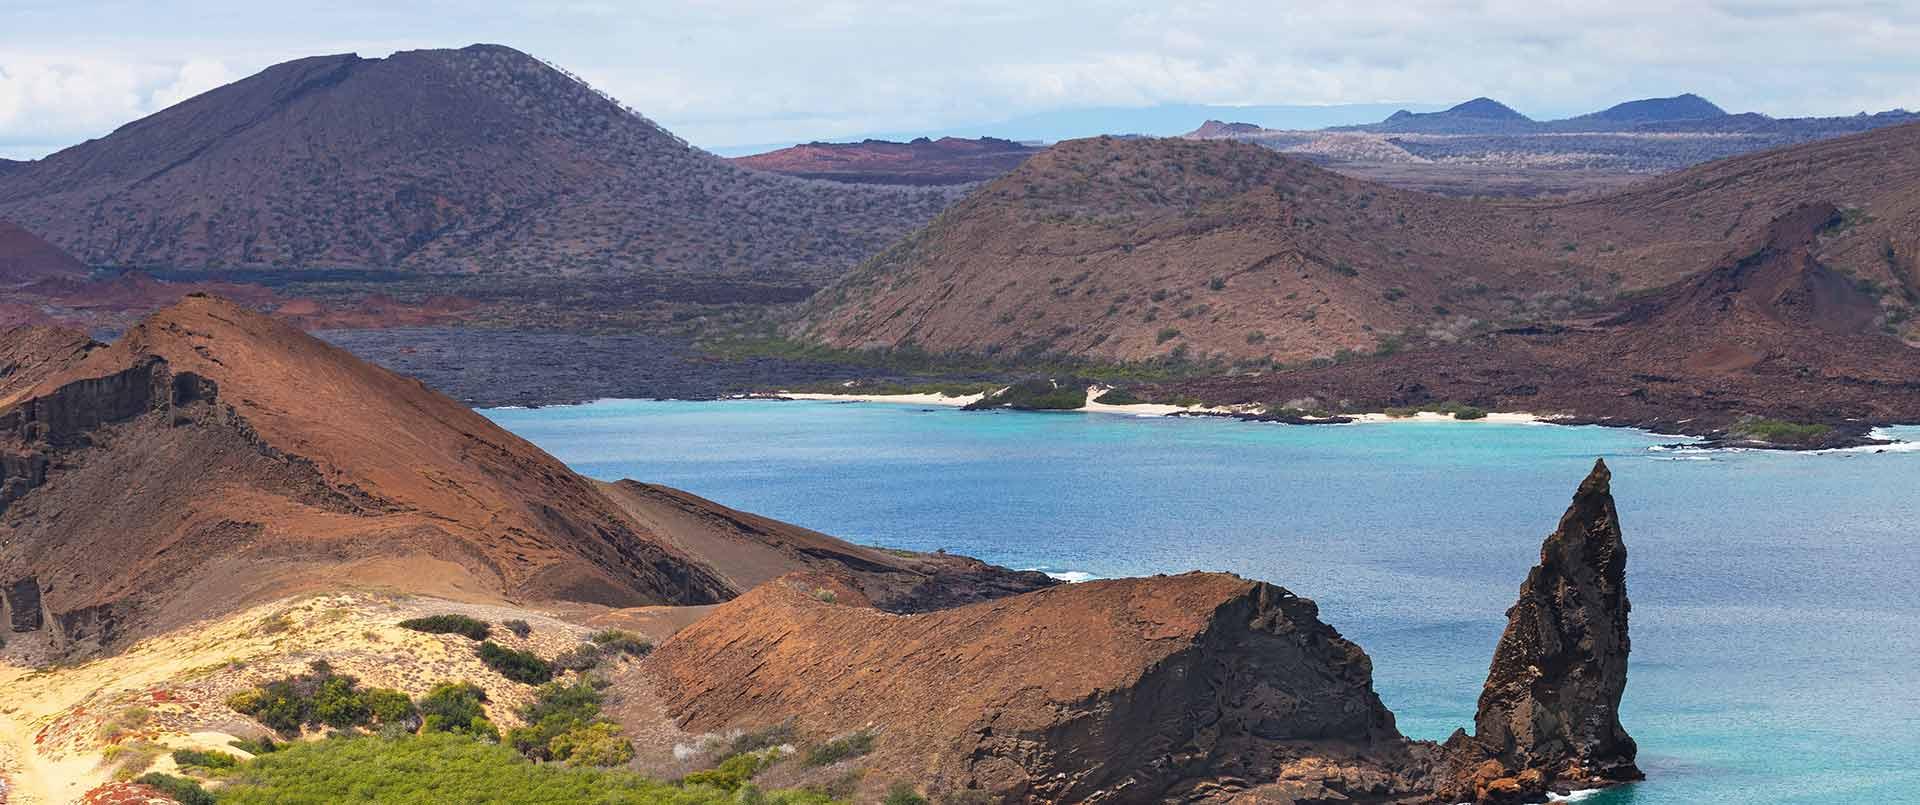 Peru and The Galapagos
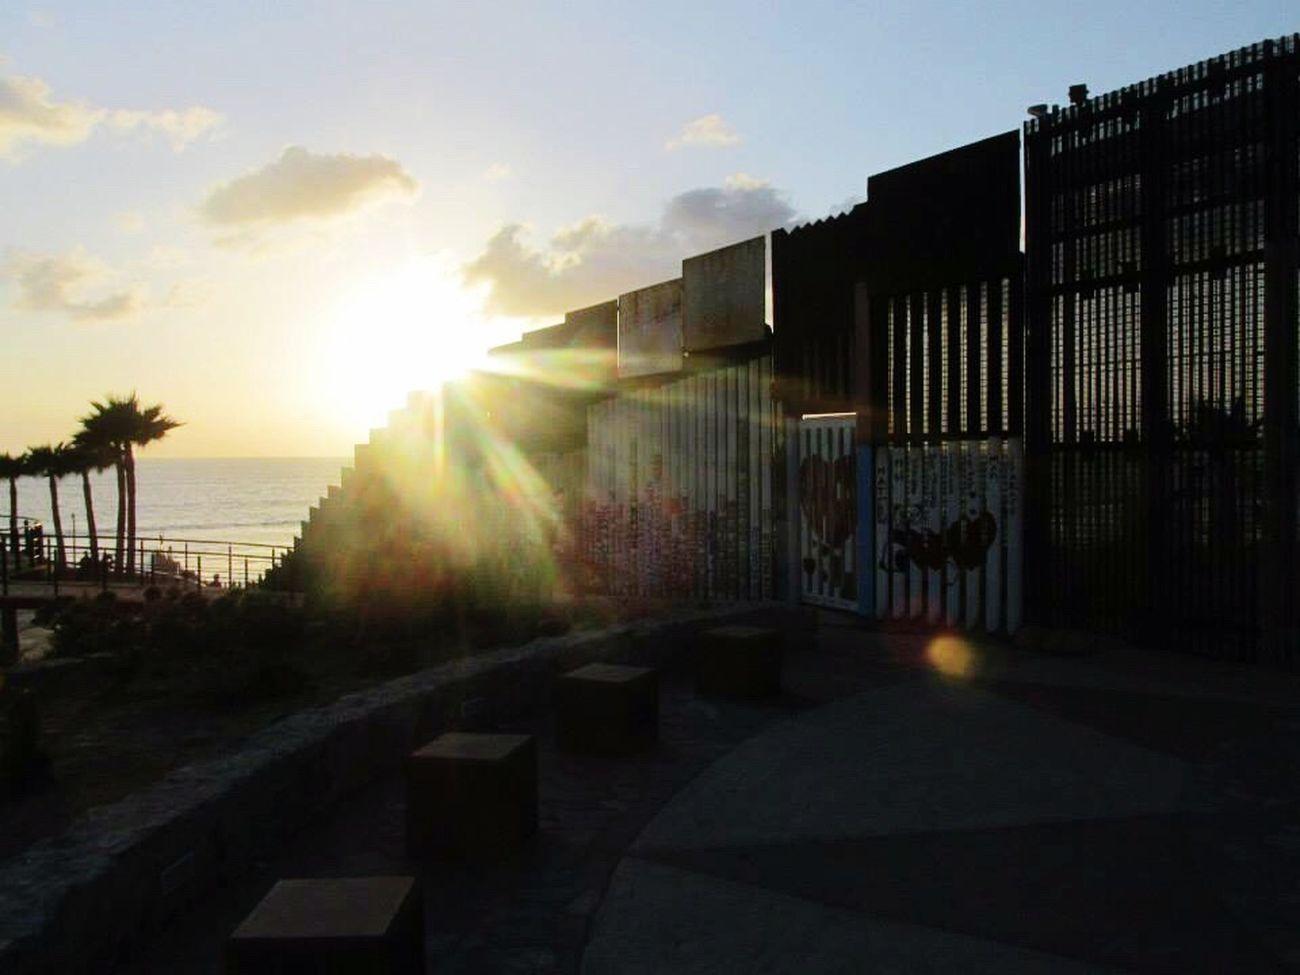 Tijuana, México 2015 Tijuana San Diego Border Wall Mexico USA Muro  Frontera Vianeycarre Sunset Incredible
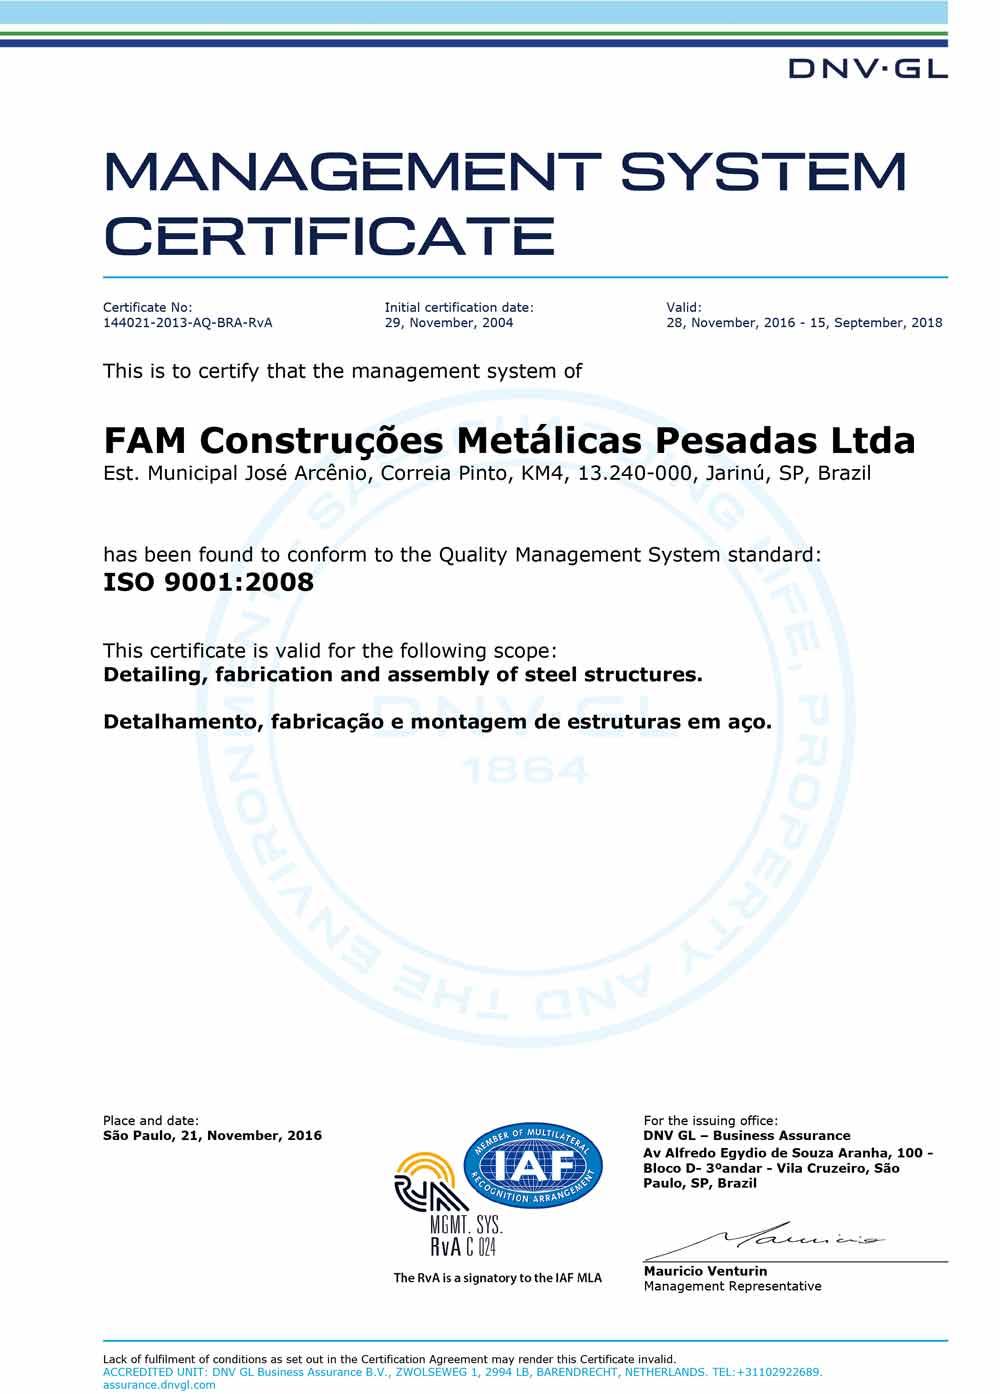 certificacao-iso-9001-fam-estrutura-metalica-2016

-=-=-

What needs to be done | Beginning with the line that holds "Tijuana, México 2015", output each line to the end of the material above, exactly, omitting the pictures.

Written response |
 Tijuana, México 2015 Tijuana San Diego Border Wall Mexico USA Muro  Frontera Vianeycarre Sunset Incredible
 certificacao-iso-9001-fam-estrutura-metalica-2016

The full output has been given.